From mjc@abstract-hardware-ltd.co.uk Thu Oct 31 09:17:21 1991
Return-Path: <alice!brunel.ac.uk!abstract-hardware-ltd.co.uk!mjc>
From: Mike Crawley <mjc@abstract-hardware-ltd.co.uk>
Date: Wed, 30 Oct 91 09:39:03 GMT
To: jhr@research.att.com
Subject: Re: compiling test cases
Cc: dbm@research.att.com


> By the way, we are planning to make available a large collection of
> test cases (400 files) together with some regression testing scripts.
> Any interest in sharing test cases?

Yes I would like to share test cases. I have been trying to get
my test cases into a form where they can be used by Poly/ML and SML/NJ
without change. The method I came up with was to write a small
prologue file for each system that deals with any system dependancies,
like different names for certain system functions, and prepend that
file onto the front of the test cases in the following way.
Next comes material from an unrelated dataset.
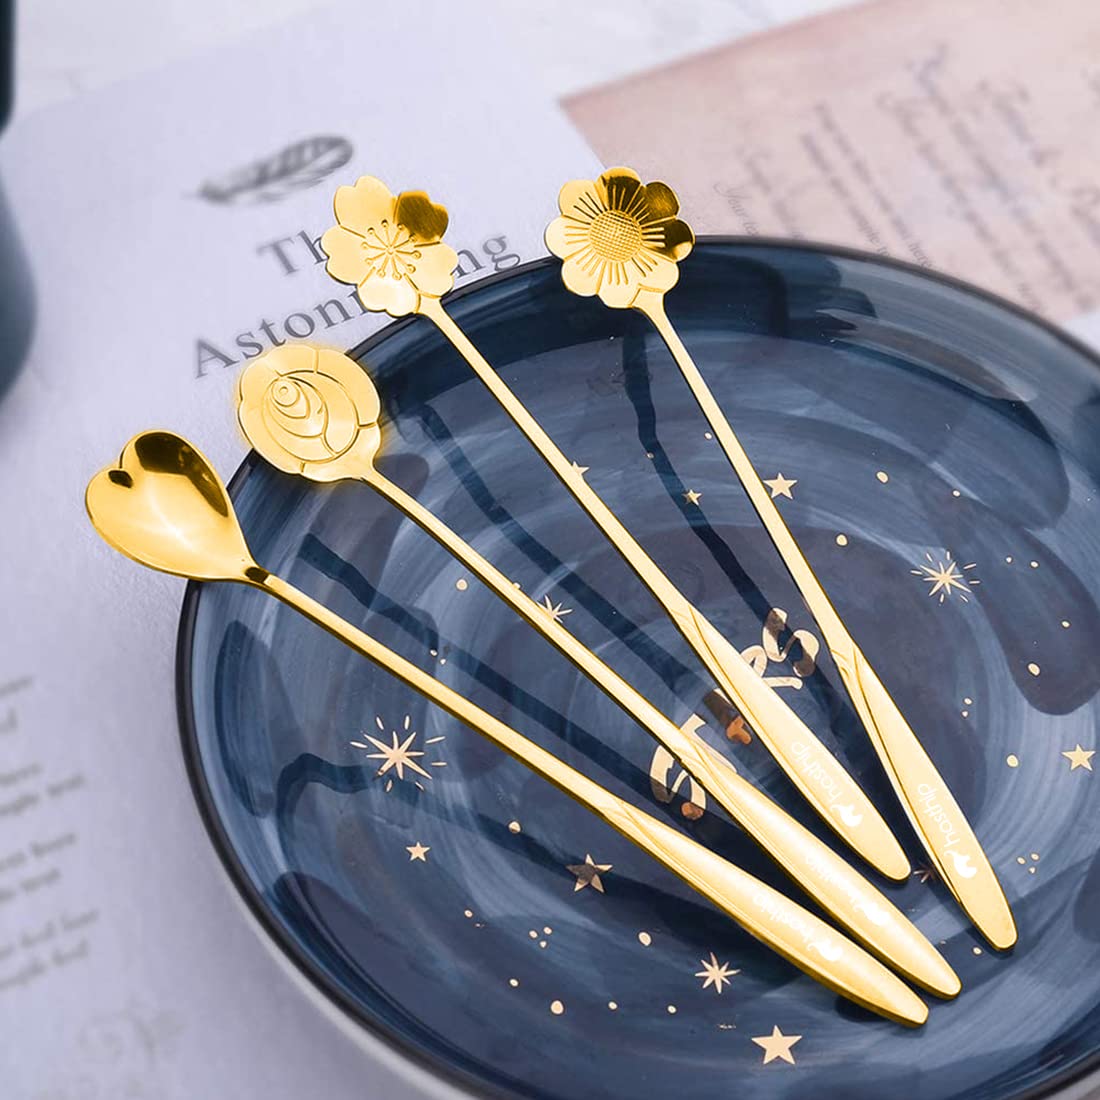 HASTHIP? Golden Spoon Set/Coffee Spoon/Dessert Spoon/Cutlery Kitchen Tableware/Stainless Steel Gold Flower Shape Coffee Spoon with Package Bag, 18cm, 4 Pcs Different Coffee Spoon

% cat poly.prologue  test.case.1 | polyML
% cat smlnj.prologue test.case.1 | smlNJ

This is when I found that SML/NJ has a problem recovering from errors.
If the test case is long enough (needs to be more than 4096 bytes long)
then 

% cat test.case | smlNJ
Standard ML of New Jersey, Version 0.73, 10 September 1991
Arrays have changed; see doc/NEWS
val it = () : unit
- std_in:11.29-11.49 Error: duplicate specifications for structure A in signature
- std_in:1.2 Error: syntax error found at END
- std_in:1.9 Error: syntax error found at SIG
- std_in:1.27 Error: unmatched close comment
std_in:2.1 Error: syntax error found at SIGNATURE
- std_in:1.4 Error: syntax error found at END
- std_in:2.15 Error: syntax error found at END
- std_in:1.13 Error: syntax error found at SIG
- std_in:1.14 Error: unmatched close comment
std_in:2.1 Error: syntax error found at SIGNATURE
%

But if I redirect the file instead of using a pipe.

% smlNJ < test.case
Standard ML of New Jersey, Version 0.73, 10 September 1991
Arrays have changed; see doc/NEWS
val it = () : unit
- std_in:11.29-11.49 Error: duplicate specifications for structure A in signature
- % 

it drops out at the first error like 'use' does.
It is doing something different when the pipe is used.
I think it is flushing all characters that are already available
on the input stream, then waiting for input again.
When a file is used the flush operation gets rid of all the characters
since they may have been loaded into one big buffer, and the next
read operation returns EOF.
When the pipe is used it breaks the input up into 4096 byte chunks
so the flush operation throws aways several thousand characters, but the
next read gets the next 4096 bytes down the pipe.
This is my theory anyway.

> One thing is that is_term_in(std_in) is false if std_in is from a
> pipe.  You might try putting "set_term_in(std_in,true);" at the
> beginning of the file.

This had no effect.

You can make big enough 'test.case' by simply repeating the following
bit of ML several hundred times.

(* Assorted tests for ML modules in no particular order and with tests of
   differing importance.  Contains quite a lot of tests that deliberately fail
   to check the error detection of the compiler. *)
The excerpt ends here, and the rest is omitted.